Men and women are different. I realize this may not be a ground breaking revelation but aside from certain anatomical variations, the differences are not always noticeable.
Women certainly have a different hormonal milieu than men, and some of the internal variations can be directly attributed to such; however, laying everything at the feet of the hormonal hooligans is both simplistic and unfounded. In other words, men and women are not solely their hormones, but a complex interaction of gender specific, unique physiology. Let’s look at some examples.
Women are at a greater risk of developing problems from alcohol use than men. This applies to simple health risks as well as severe consequences. The National Institutes of Health state that, based on current research, female alcoholics have death rates 50 to 100 percent higher than those of male alcoholics, including deaths from suicides, alcohol-related accidents, heart disease and stroke, and liver cirrhosis. Even though there are more male alcoholics than female, the women fare worse overall. This is related to how alcohol is metabolized in the female system. Women are more likely to develop liver damage from excessive alcohol consumption even when compared to similar intake for males. In addition, having more than 2 drinks a day can increase the risk for breast cancer for a woman. Why do these differences exist?
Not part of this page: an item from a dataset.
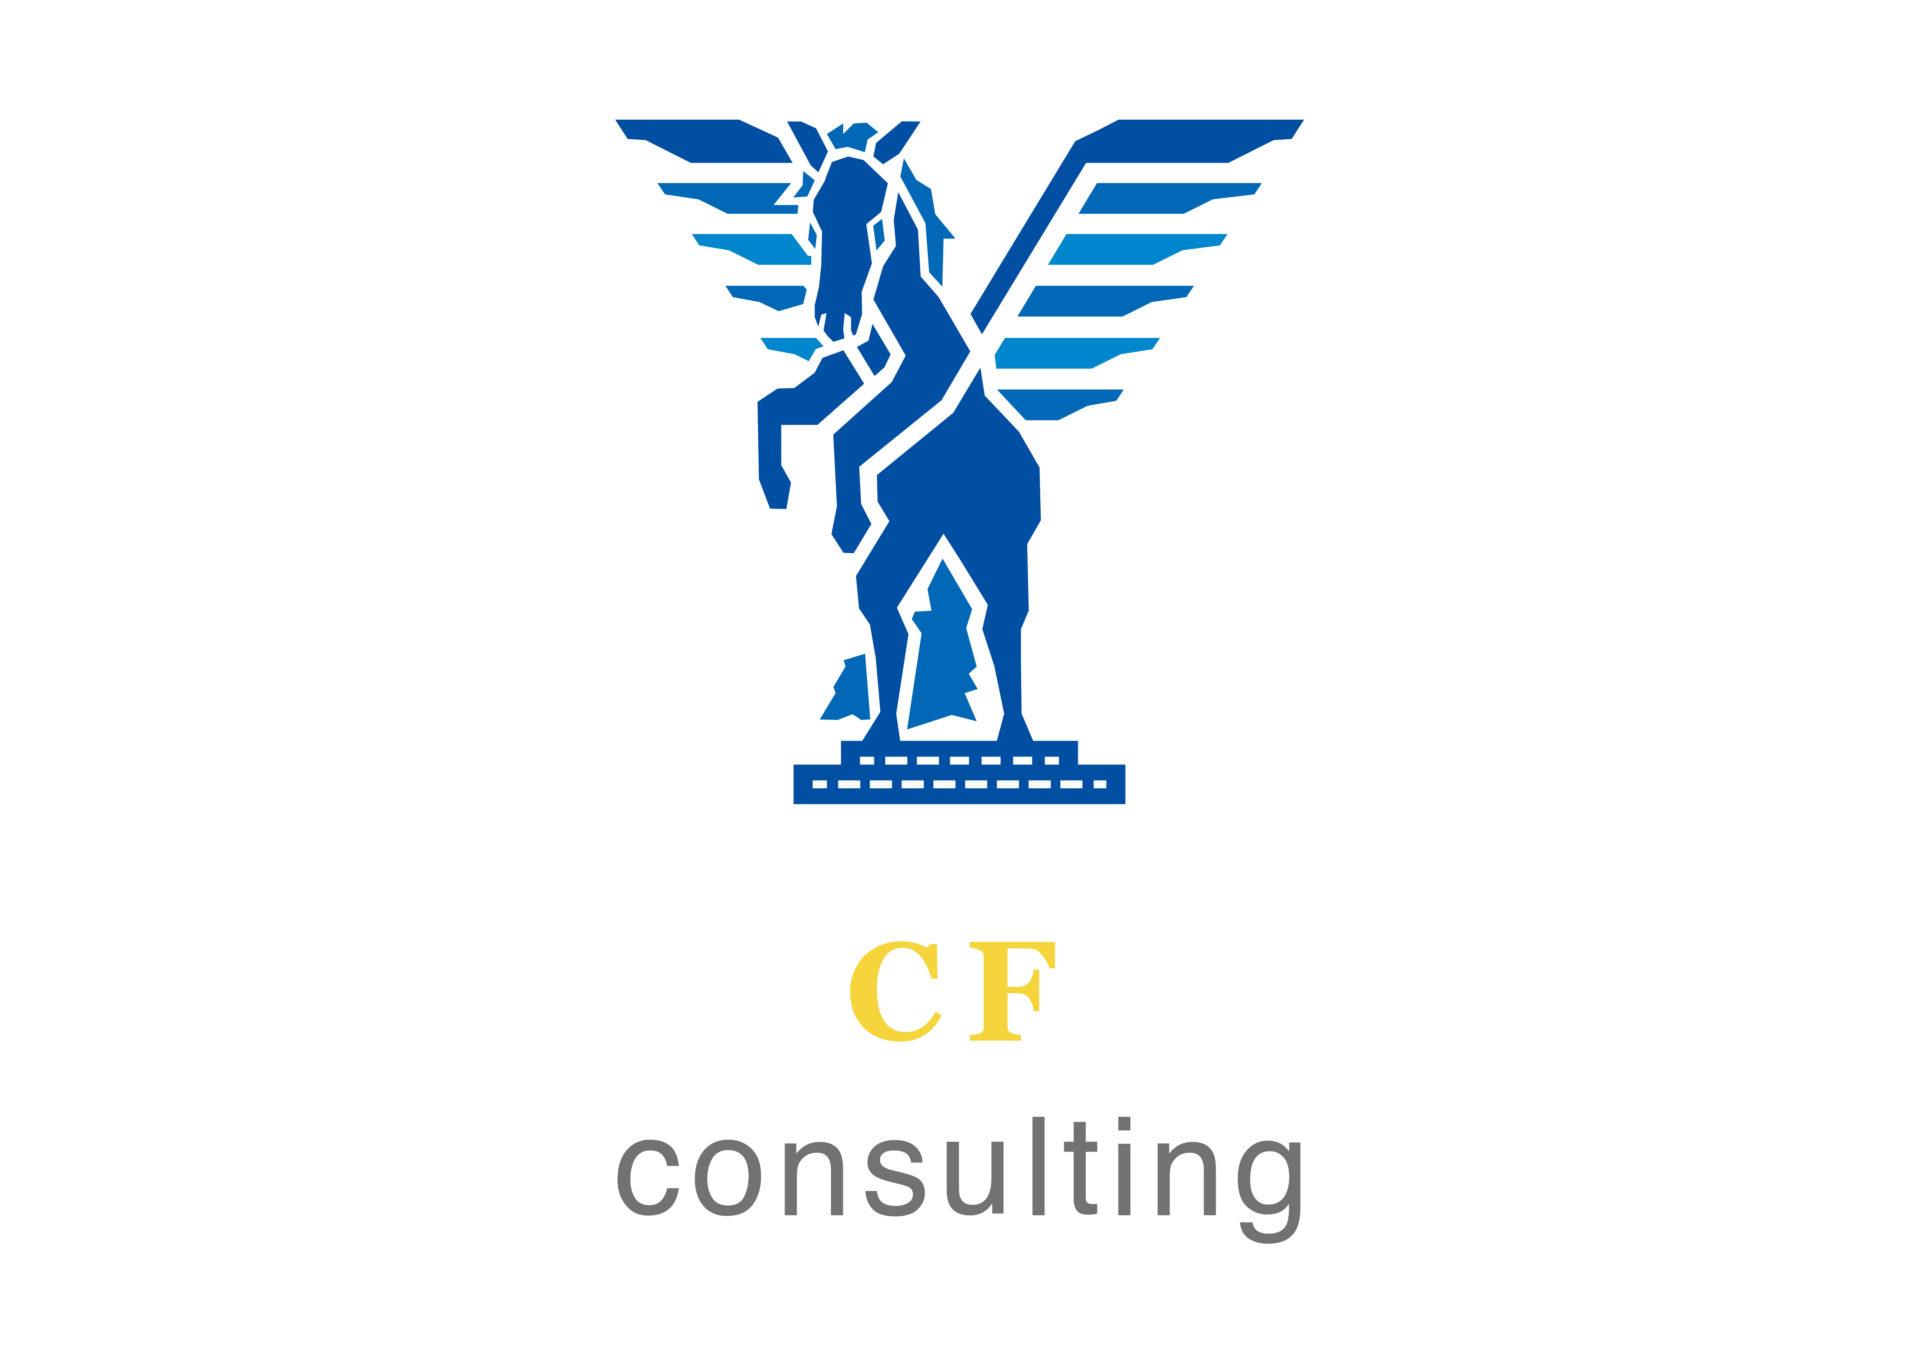 CF コンサルティング ロゴ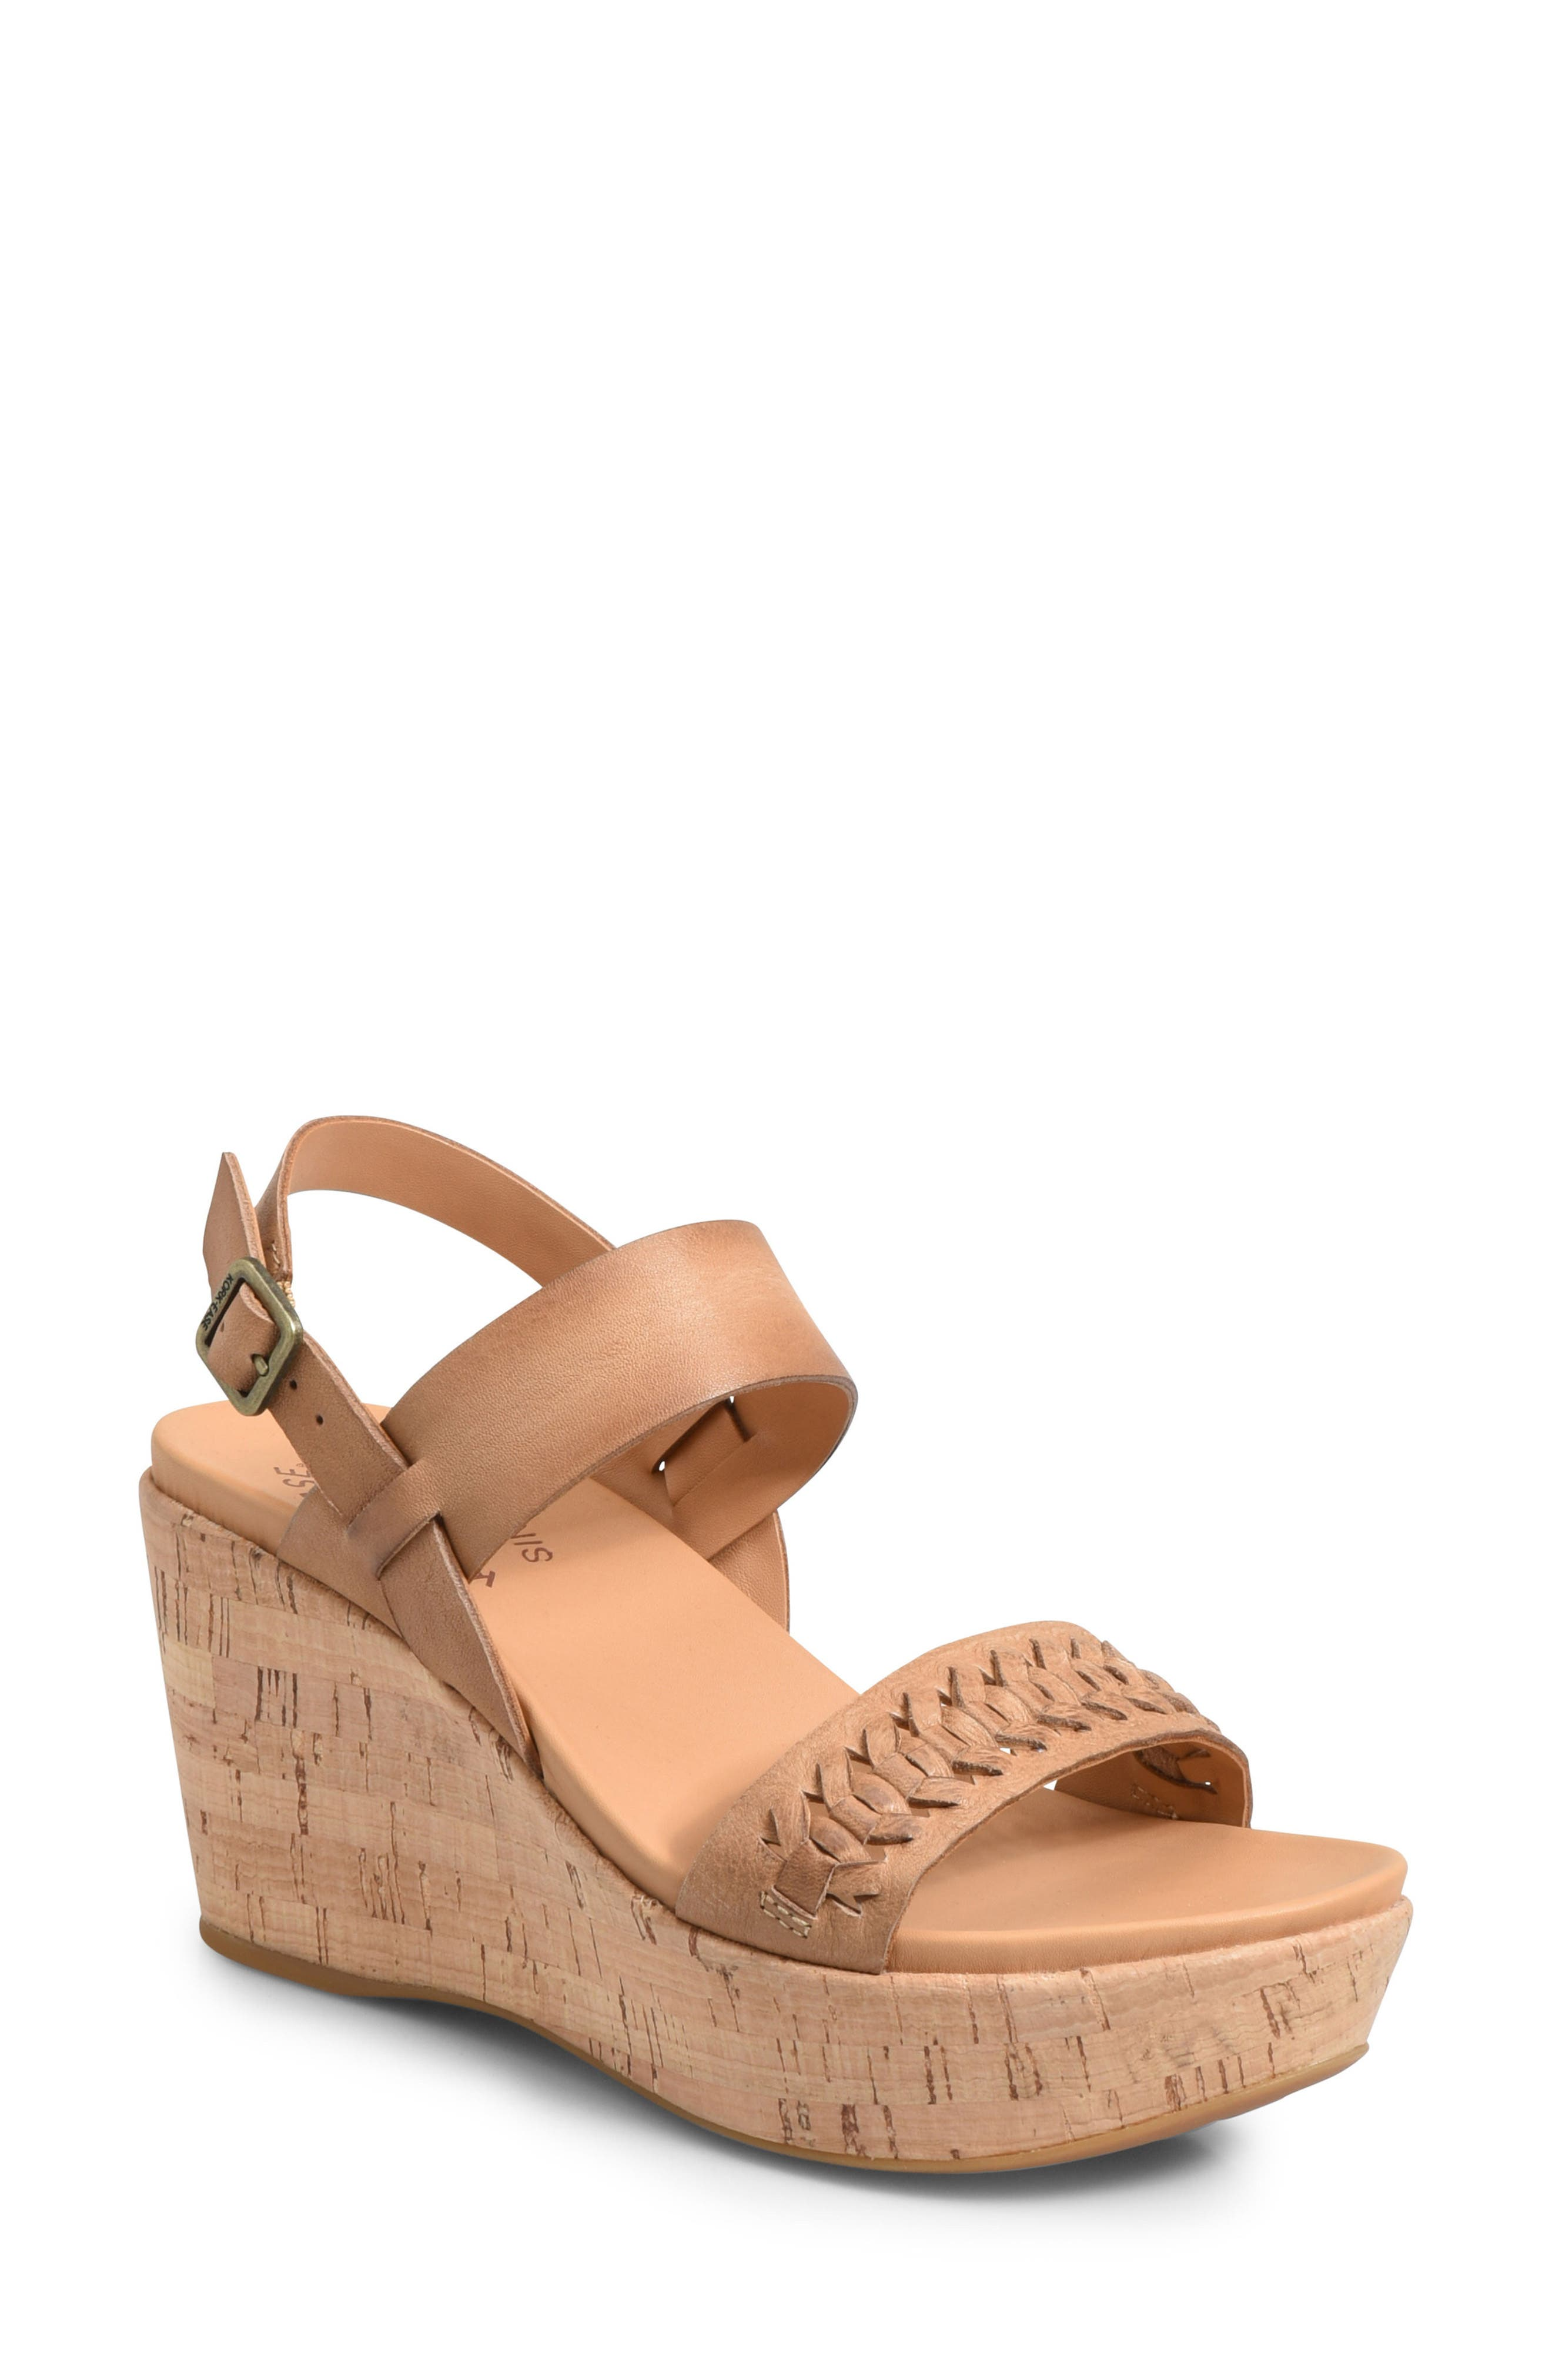 Kork-Ease Austin Braid Wedge Sandal, Brown

In general women have less body water than men of similar body weight, so that women achieve higher concentrations of alcohol in the blood after drinking equivalent amounts of alcohol. In addition, women have smaller quantities of the enzyme dehydrogenase that breaks down alcohol in the stomach. A woman will absorb about 30% more alcohol into her bloodstream than a man of the same weight who has consumed an equal amount. There is a push by many organizations, especially on college campuses to educate women as to these differences. The consequences later in life can be substantial.
For years medical research on heart disease and risk factors was done exclusively on men. The vast majority of major work done in the earlier decades purposely excluded women for reasons ranging from potential pregnancy to volunteer recruitment. What resulted is a plethora of data that is extremely useful, but biased. Only with the advent of multiple studies including women have researchers realized that heart disease risk factors, occurrence, and prognosis are different for men and women. Heart disease has taken a back seat to breast cancer, for example, largely due to media attention and breast cancer awareness programs; however, heart disease is the leading cause of death in women over 50. A woman is more than ten times as likely to die of cardiovascular disease as she is to die of breast cancer. This is partly due to the fact that the survival rate for breast cancer is quite high, whereas over 40% of women do not survive their first heart attack. Women’s hearts are anatomically different from men, and they also function differently. A woman’s heart on average is smaller than a man’s, and it also tends to have smaller blood vessels supplying it. Researchers from Columbia University and New York Presbyterian Hospital believe that women also have a different rhythmicity to the pacemaker of their hearts, which causes them to beat faster. These same researchers believe that it may take a woman's heart longer to relax after each beat. Some surgeons also hypothesize that the fact that women have a 50 % greater chance of dying during heart surgery than men could be related to some fundamental difference in the way women's hearts work. These differences have led to a bias in how physicians viewed heart symptoms in women. Several studies indicated that if a woman and a man presented to an emergency room with identical symptoms, the man would be more likely to be evaluated for heart problems than the woman. Luckily with the new data, this trend is reversing and early disease is being suspected and detected in women, hopefully reducing both death and disability.
Most would agree that men and women think differently. This may have a physiologic basis as research indicates that men’s and women’s brains are structurally different. There are variations in grey and white matter, which leads to differences in things such as verbal abilities and connectivity between the two sides of the brain. These anatomical peculiarities can lead to a number of behavioral differences once thought to be social or environmental.
It’s important to understand there is no advantage or disadvantage with these variations, it’s just that being aware of the differences may help in promoting each individual's health.